'Treme' season premiere: In defense of HBO's little-watched Katrina drama

Quite a bit happened on the third season premiere of Treme. Antoine Batiste and a large group of musicians tried to honor the death of a renowned tuba player with a street parade, but the event was broken up by the New Orleans police. When Antoine mouthed off, he was arrested, only to be released by crusading lawyer Toni. Meanwhile, musical gadabout Davis watched his girlfriend Annie debut her new band, “Annie T. And the Bayou St. John Playboys,” thus continuing her rise to music stardom. We saw New Orleans expat Janette hard at work in David Chang’s restaurant, being stalked by a regular customer who loves her cooking. We saw Delmond celebrating the release of his new album, which is getting great reviews by a critical establishment that still refuses to understand New Orleans. We saw that LaDonna and her sons had moved in with Colson’s elitist relatives. We saw Nelson visit the imprisoned Councilman Thomas.

Some of this was based on true events. All of it happened in the first fifteen minutes of the episode, before the re-introduction of incorruptible cop Terry and emergent hipster Sofia and a host of other characters and subplots and musical performances. The show was not much-watched in its first two seasons, and I can imagine that anyone who tuned in was instantly dizzy with the array of people and places and events. Heck, I’ve watched every single minute of Treme, and I still couldn’t have told you half of those names without Wikipedia. (Treme is one of those HBO dramas where you mentally label characters instead of learning their names: “the shady Texas guy,” “the chef,” “the Dutch guy who’s always on drugs,” “Steve Zahn.”)

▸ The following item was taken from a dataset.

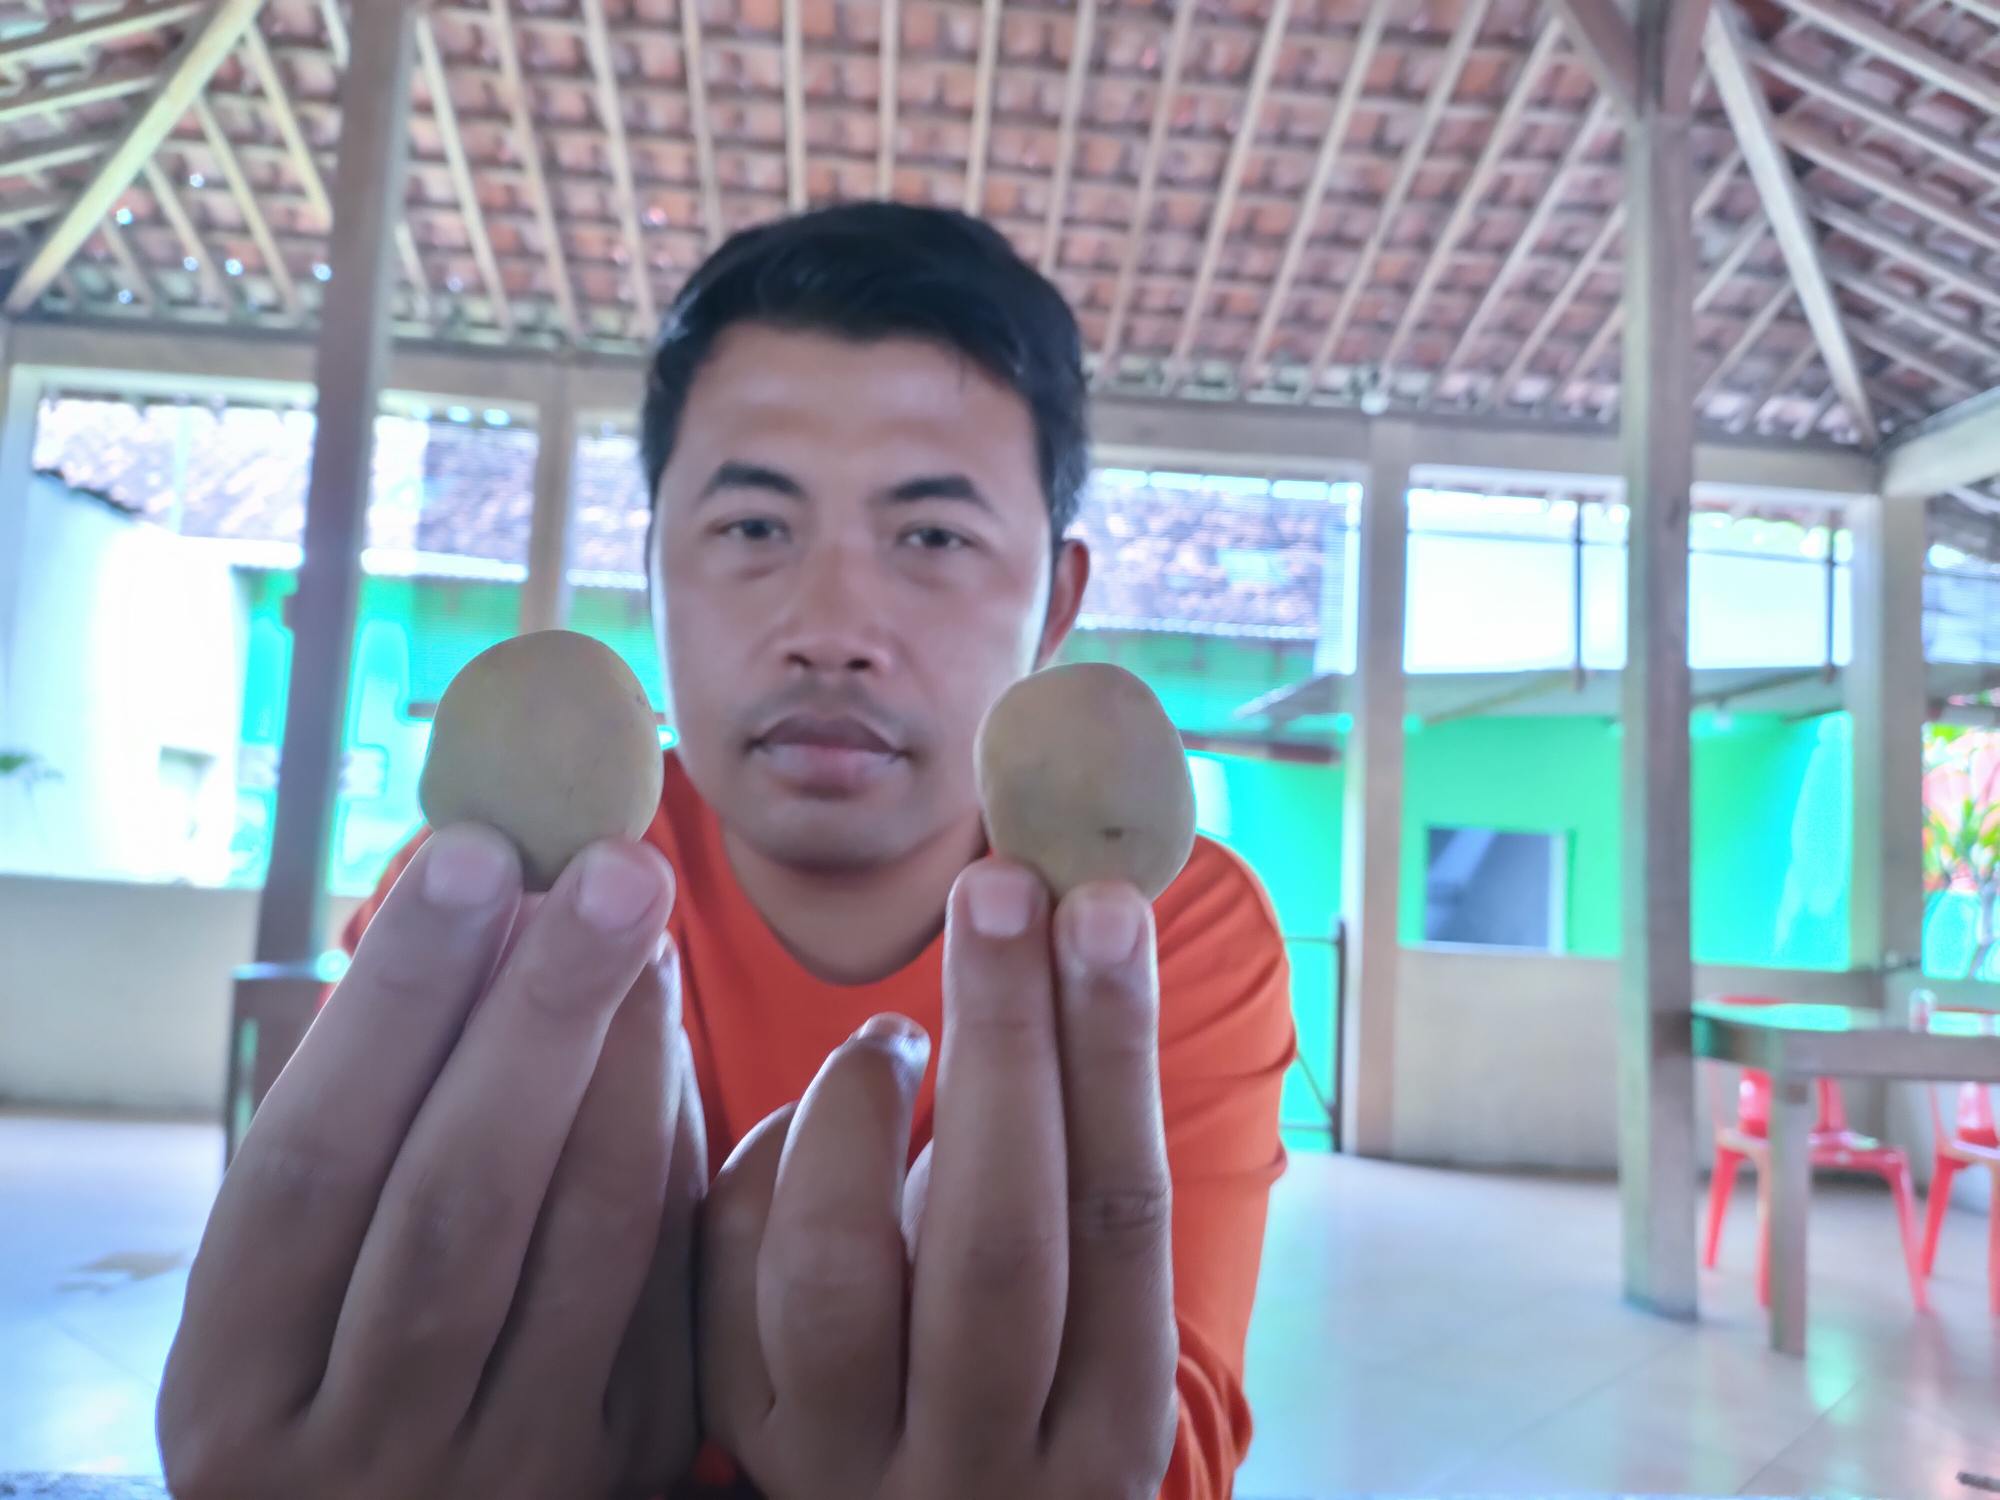 Penampakan sembako kentang yang diterima warga Desa Wonotolo, Gondang, Sragen dari program BPNT yang ukurannya sangat kecil dan dinilai tidak layak. Foto/Wardoyo

But I’m guessing that there weren’t too many “new” viewers for last night’s episode. Treme was always going to live in the shadow of The Wire, the HBO series generally regarded as one of the great achievements in the history of television — if not one of the flat-out best narrative sequences in the history of storytelling. Like The Wire, Treme was the brainchild of TV auteur David Simon; like The Wire, Treme featured a big sprawling cast spread across a modern American metropolis; like The Wire, Treme has a clear edge of Upton Sinclair-esque muckraking, making a raft of cogent points about the corrosiveness of contemporary American power.

Of course, The Wire was never a ratings success — it wound down its final season averaging less than a million viewers. But the show developed a big following an a massive amount of cultural cachet as it wound down. Treme has no such cachet. That might just be because the symphony-of-the-city style is no longer unique: Treme currently shares a night with Boardwalk Empire, which is equally sprawling and has way more boobs.

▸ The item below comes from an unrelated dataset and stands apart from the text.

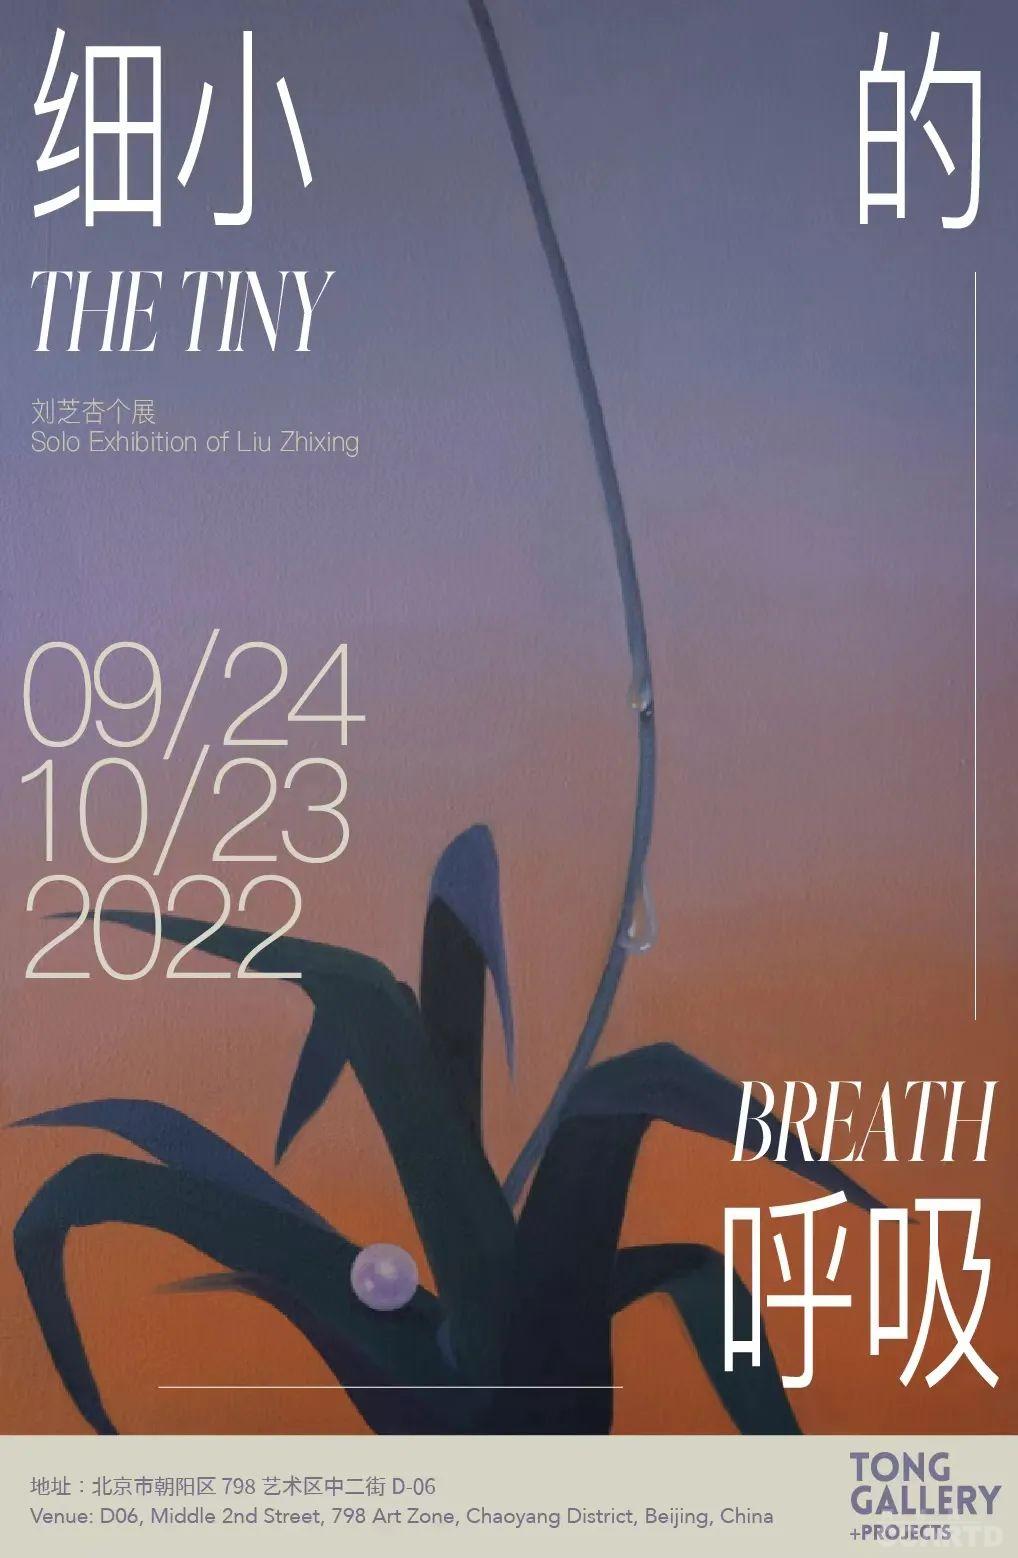 刘芝杏个展《细小的呼吸》将于9月24日开幕

It might also be because Simon himself has developed a bit of a reputation. Earlier this year, Simon gave an interview to the New York Times where he seemed to launch a broadside against online TV criticism, and even though he immediately clarified his position to Alan Sepinwall, the basic narrative — Beloved Low-Rated TV Producer Attacks His Own Constituency! — was already set in stone. Indeed, there’s a sense that the Myth of David Simon — the Crank With A Purpose — has overwhelmed the ambitions of Treme. Over at Grantland, Andy Greenwald accurately sums up the general view of Treme: It’s a well-intentioned and well-made show composed with a self-importance that ruins any of the drama.

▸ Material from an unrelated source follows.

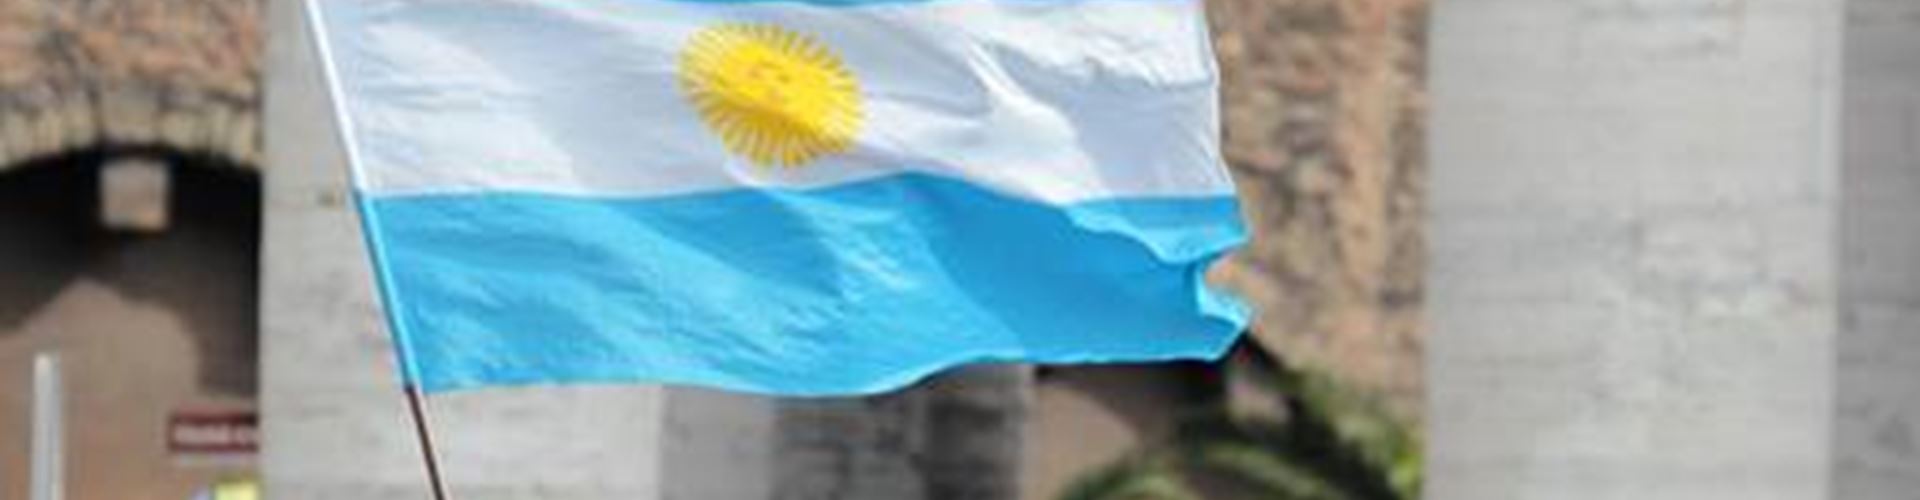 Argentina sets plans to repay $10 billion Paris Club debt

The problem that I have with this reading of Treme is that it assumes that the show itself is filled with talking-head David Simon dolls — that it is essentially a modern version of Our Town, with a cast of two hundred people standing on a blank stage declaiming “America is broken!” in a million variations. But Treme isn’t like that at all. It’s a loose and eerily casual series, filled with frequent tangents that seem to serve no greater purpose than perusing another corner of New Orleans. The corruption of the New Orleans police department gets roughly as much screen time as Delmond’s ongoing attempt to make jazz music cool, which is treated with the same seriousness as Antoine’s struggle to make enough money to provide for his family, which jockeys for screen time with regular non sequitur appearances by real-life celebrity chefs.

If The Wire was fundamentally a show about Investigation, then Treme is far more interested in Exploration. In a lot of ways, Treme feels more like a show by David Milch — the other HBO David, who specializes in stream-of-consciousness community tales like Deadwood and Luck. You could call it “atmospheric,” that damning-with-faint-phrase word so often used when describing aesthetically pleasing empty-headed cable shows. Treme, however, has a lot on its mind. Perhaps too much: How else to explain the fact that a show nominally about New Orleans seems to spend a quarter of its running time in New York? But the show is generous enough to let just about all its subplots play out as far as possible. This means that — even though not much ever seems to happen — individual episodes move weirdly fast, with scenes that barely last a couple minutes flying by at a fast pace.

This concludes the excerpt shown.